Let $D$ be an integral domain which is not a field and $Q=\text{Frac}(D)$ the field of fractions of $D$. Then $Q$ as a $D$-module has not a projective cover.
By Corollary 5.35 of Rotman's Homological Algebra we got that : If $D$ is an integral domain and $Q=\text{Frac}(D)$, then $Q$ is a flat $D$-module.
So we got it, $Q$ is a flat $D$-module, now my idea is to use Bass Theorem to kill this one, this theorem states (among other things) that $M_{R}$ has projective cover ($M_{R}$ is perfect) iff every $M_{R}$ flat module is projective.
So I reduced (or complicated :S) the problem to prove that the flat module $Q_{D}$ is not projective, which is the part I cannot prove. I tried to study the proof of $\mathbb{Q}_{\mathbb{Z}}$ is a flat module that is not projective but they use the fact $\mathbb{Q}_{\mathbb{Z}}$ is finitely generated and that $\mathbb{Z}$ is DIP but in my case I dont know if $Q_{D}$ is finitely generated, also $D$ is not be DIP. Any help in order to prove this problem in the direction I propose or any other will be apreciated. Thanks!

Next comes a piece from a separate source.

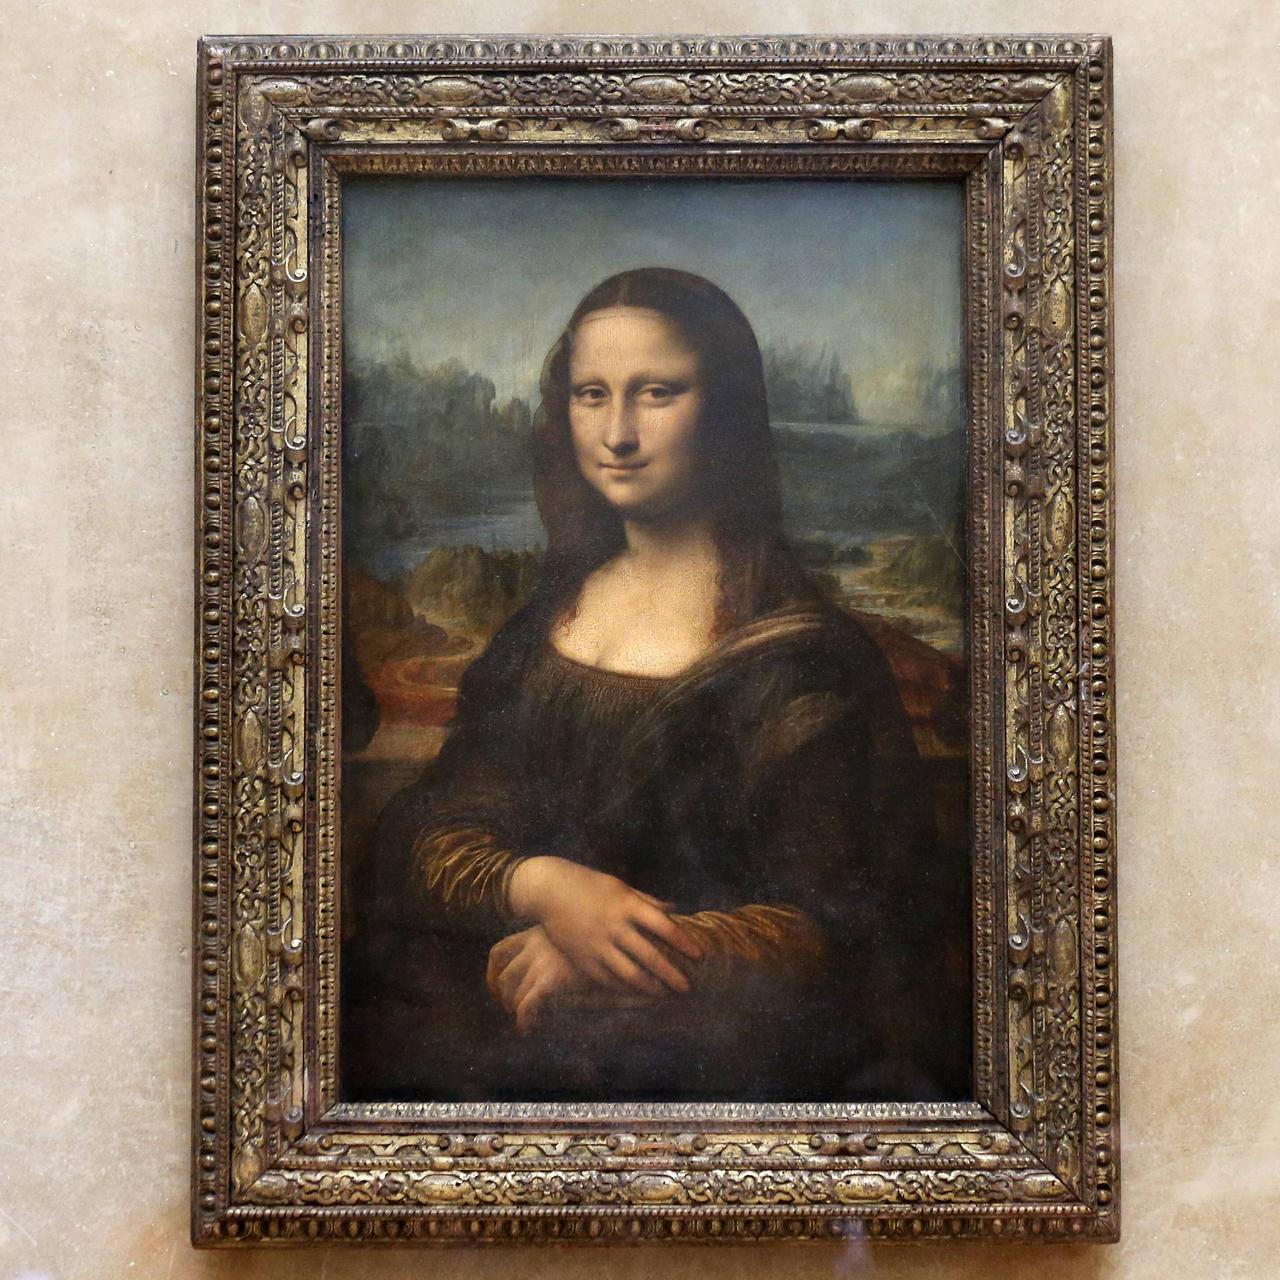 Mona Lisa: Das Größte Rätsel Der Kunstgeschichte bestimmt für Wann Hat Leonardo Da Vinci Die Mona Lisa Gemalt
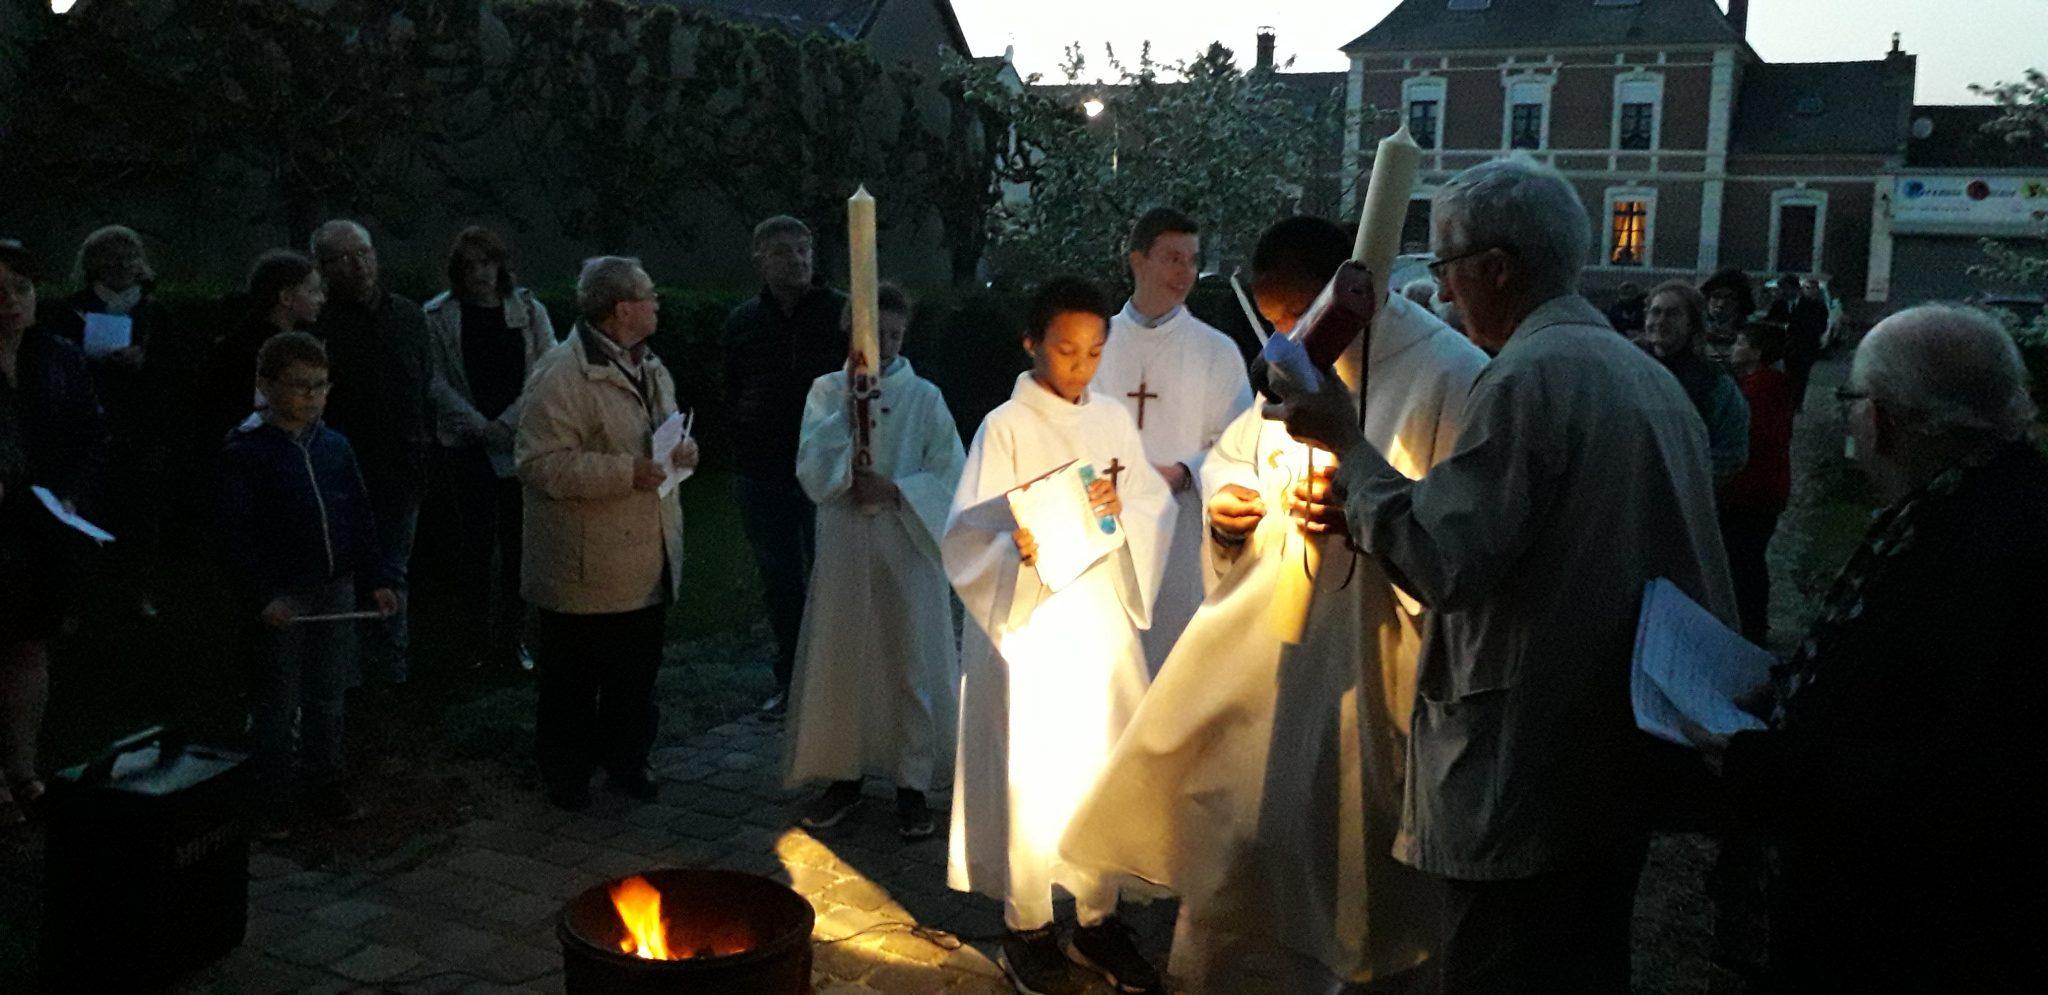 https://www.amiens.catholique.fr/wp-content/uploads/sites/9/2019/04/20190420_211802.jpg

As a hint, note that $Q=\text{Frac}(D)$ is also injective as an $R$-module. Therefore to show that it is not projective you can show that there are no non-zero projective-injective modules over $D$.
There is also a solution to this problem on this site, which can be found here. This is actually exercise 3.18 in Rotman's Intro to Homological Algebra, 2nd edition, so you might want to try and prove it using his hints.